Has anyone tried converting the orientation of the master bed in the rear slide to be "N/S" instead of "E/W" in a 210RS or similar? We would like it if one of us did not have to crawl over the other to get out.

I was thinking of trying a piece of plywood cut to fit and having it slide out from under the mattress when needed.


----------



## Oregon_Camper (Sep 13, 2004)

Check out this post....

http://www.outbackers.com/forums/index.php?showtopic=21077&hl=king+bed


----------



## Mike J (May 31, 2015)

Thanks. This gives me some ideas!


----------



## Oregon_Camper (Sep 13, 2004)

Mike J said:


> Thanks. This gives me some ideas!


Happy to help. If you do this mod...please post some picture of your build process, so someone else might gain from your efforts.


----------



## Leedek (Nov 28, 2010)

Ahhhh... the advantages of being height challenged seem to out weight the ability to reach the top shelf. :whistling:

The DW and I have always slept with our heads up at the rear of the trailer and our feet toward the front. It would seem odd to sleep crosswise.


----------



## Mike J (May 31, 2015)

I am thinking seriously about doing this mod. Where did you get the legs?

How steady is it for climbing in?



Oregon_Camper said:


> Check out this post....
> 
> http://www.outbackers.com/forums/index.php?showtopic=21077&hl=king+bed


----------



## Oregon_Camper (Sep 13, 2004)

Mike J said:


> I am thinking seriously about doing this mod. Where did you get the legs?
> 
> How steady is it for climbing in?


You'll have to PM the original poster. I only provided you the link to the post.


----------



## Mike J (May 31, 2015)

I made a short term mod using a piece of 1/2 inch plywood that I just slid back and forth when needed, but now that i am back I made a more permanent mod using a design based on the one above.

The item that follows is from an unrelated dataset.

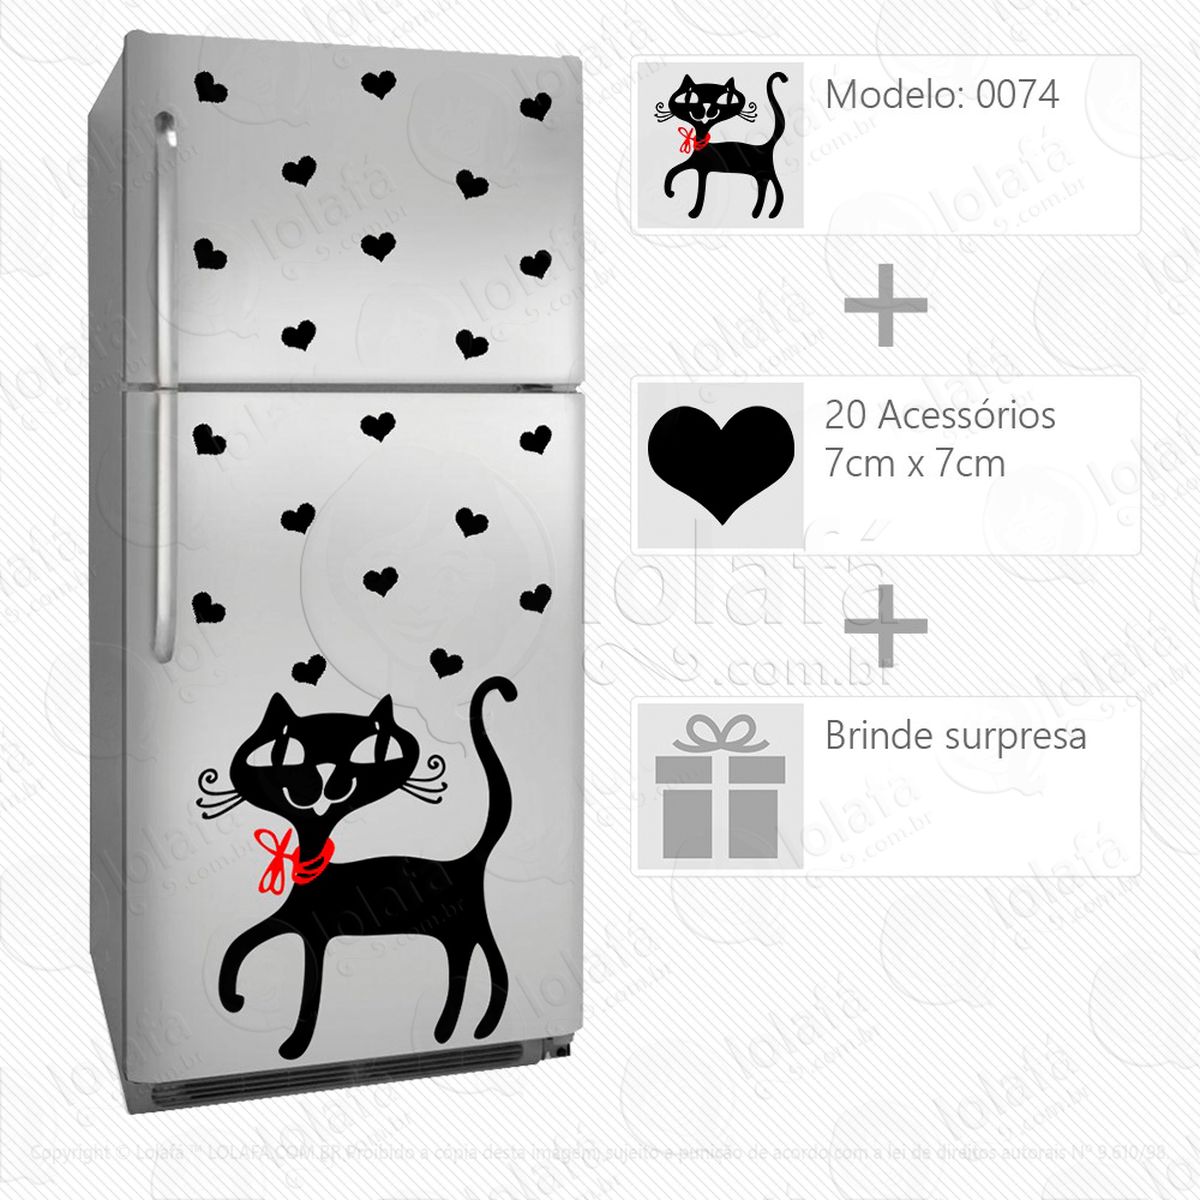 gato adesivo para geladeira e frigobar - mod:74

The materials list: (all from Home depot Canada)

1 12 inch x 72 inch piece of pine shelving

a 2 pack hook and eye set (Everbilt 2 1/2 inch SKU 773207)

3 4 inch utility hinges (Everbilt SKU 773716)

This was surprisingly easy to build. Install the hinges, install the hooks and presto. I still need to file down the tips of the screws that went through the pine shelf and get the foam (72x13x8.5 inches). I am also going to make a more permanent support that will rest on the step. The bracket that is in use now is temporary.

Photos are in the outback Mods gallery.










The ledge in the down position










The ledge in the up position










Utility hinge detail










The latch system


----------



## Oregon_Camper (Sep 13, 2004)

Looks great....


----------